Bear in mind that, since each and every tool interacts with all the spindles, when replacing or adjusting even just one of them, you need to stop the whole machine, and check all the work performed in succession by all spindles before restarting production.
In general, all the spindles rotate at the same speed, which is, therefore, not independently settable for each spindle based on the optimal working parameter for that phase. This aspect is a technological limitation that must be taken into consideration, because it affects both the lifespan of the tools and the quality of the finished product, especially when more demanding materials have to be processed.
Therefore, both tooling issues and limits arise due to the fact that several bars must be rotated at the same time and at the same speed. On a practical level, this means dealing with the usual bar issues multiplied by the actual number of bars used. As I mentioned earlier, multi-spindles can also perform secondary turning, but require more complex and cumbersome feed systems, due to the difficulty in accessing the feed and work areas.

Transfer machines › Here we have an insider! I thought I would include it in this round-up, simply because it is such a frequently used machine. That said, the transfer machine, unlike all the others on the list, is not a lathe.
However, it is used - and this is why I am including it in this section - in some specific cases in order to process bar-obtained pieces. Most of the processing carried out by the transfer machine takes place on a fixed, that is non-rotating, piece, which means that this type of machinery cannot produce turned pieces.
Furthermore, the precision and degree of finishing of the work are quite poor.

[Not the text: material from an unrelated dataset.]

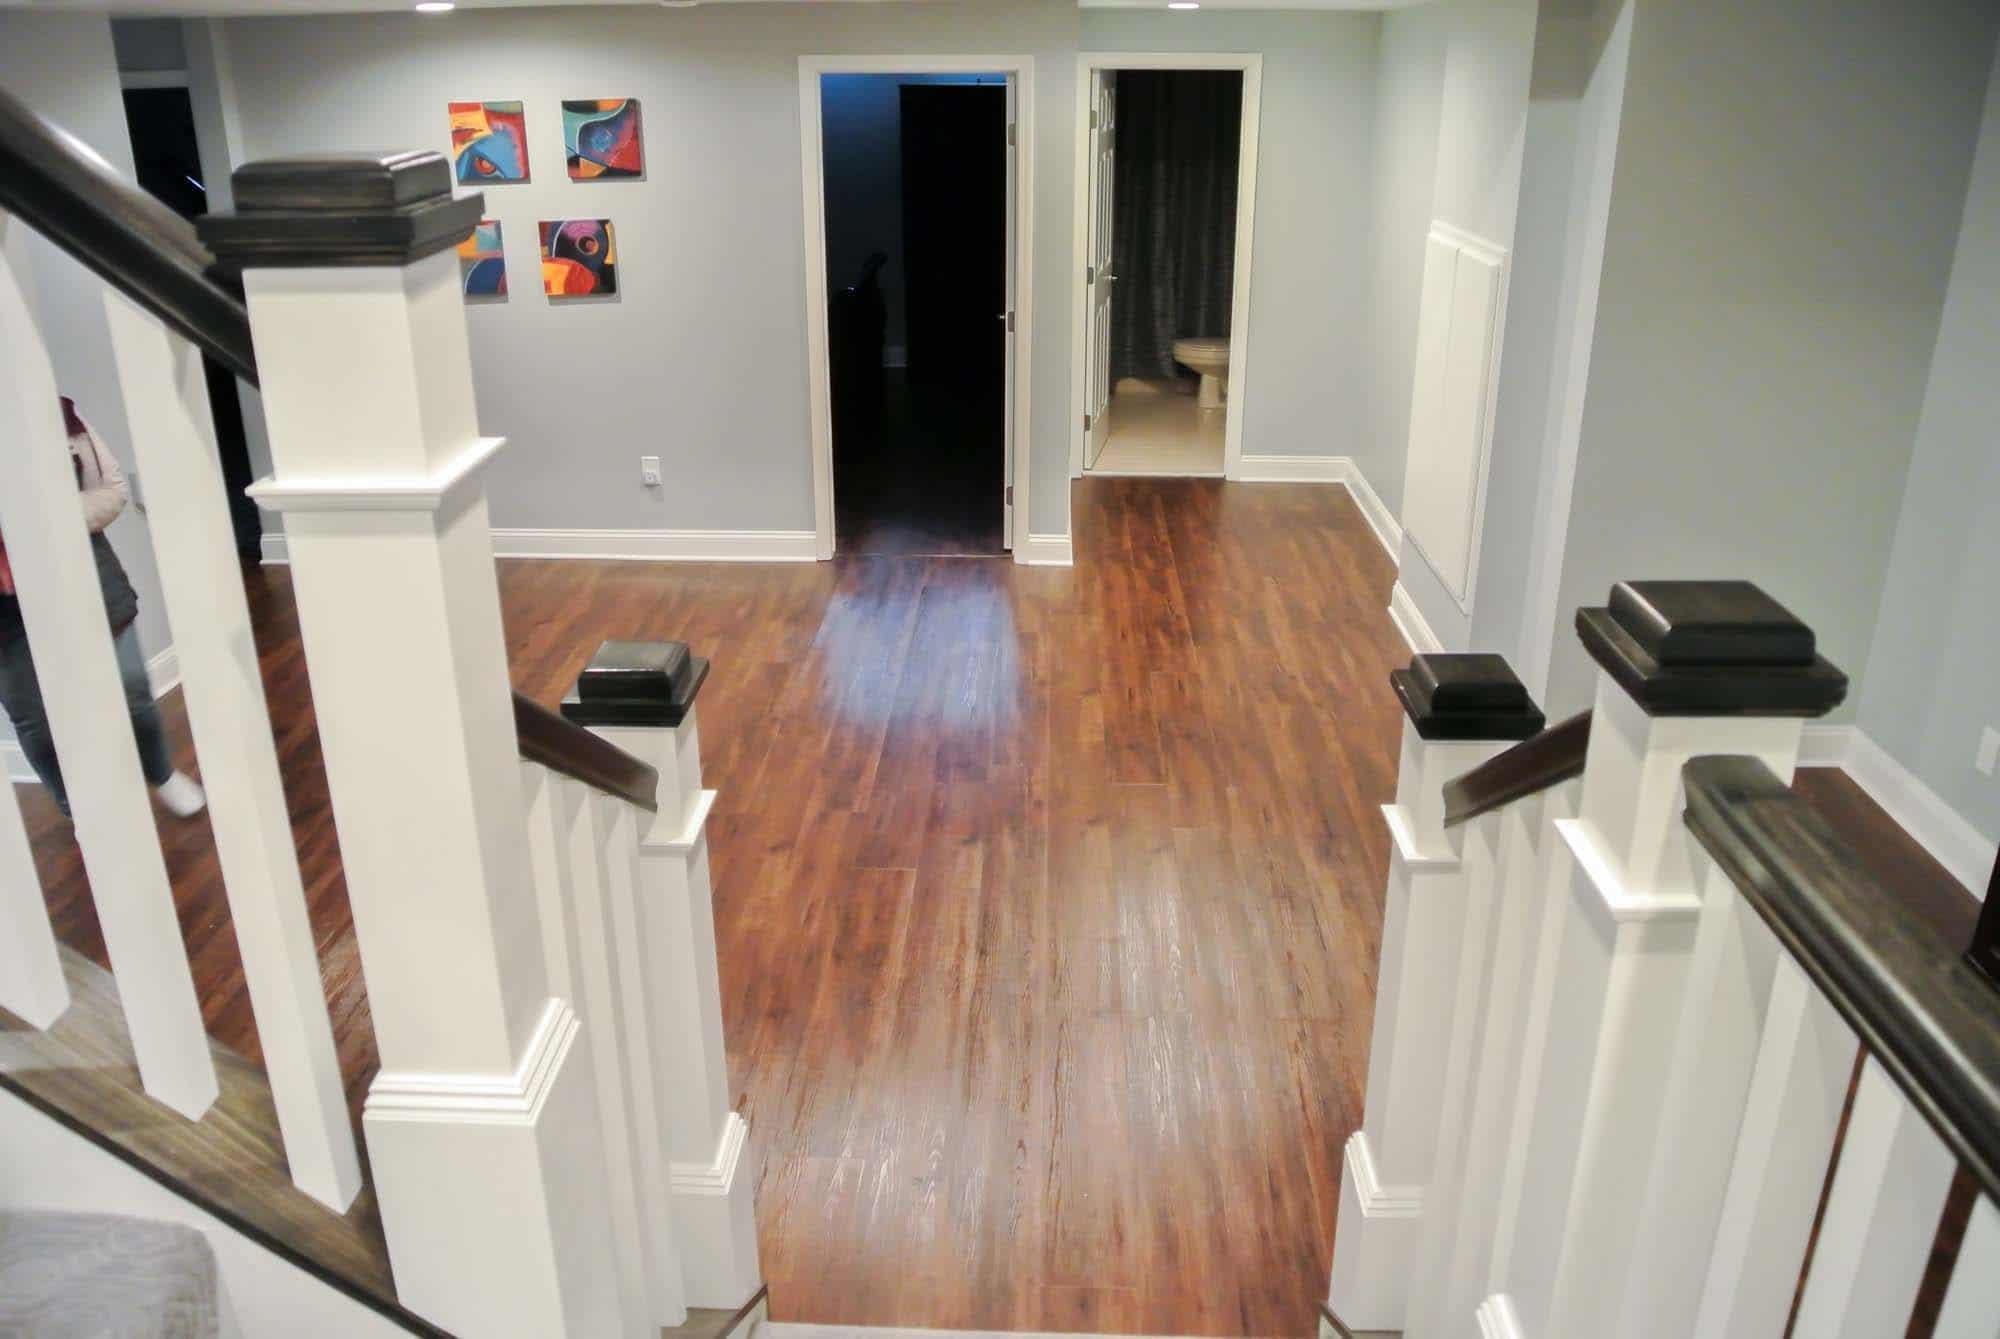 Brand new hardwood floors

Why is it used then? The basic reason is that transfer machines can provide high productivity levels. This is because the work cycle can be divided between several stations and several tool holder units arranged radially around a central body. This central body rotates the clamped pieces between successive work stations that work in parallel. Therefore, it is a concept similar to the multi-spindle set-up, with the difference that multi-spindles rotate the bars, while transfer machines rotate the tools. Just like multi-spindles, transfer machines are suitable for high production volumes, but are improperly used in some cases to machine bar or, in any case, axial-symmetrical workpieces.
Limitations › Transfer machines are suitable for large volume productions, but, similarly to multi-spindles, tooling is complex, demanding long set-up times and high costs, due to the complexity of the equipment and the number of special tools that need to be used.
The achievable levels of precision are not high, especially for axial-symmetrical workpieces, which then need to be turned in order to obtain good surface finishing and low dimensional and geometrical tolerances.
Furthermore, the very architecture of the transfer machines does not facilitate the handling and evacuation of the long chips produced when processing materials such as coldpressed steel, lead-free brass or similar.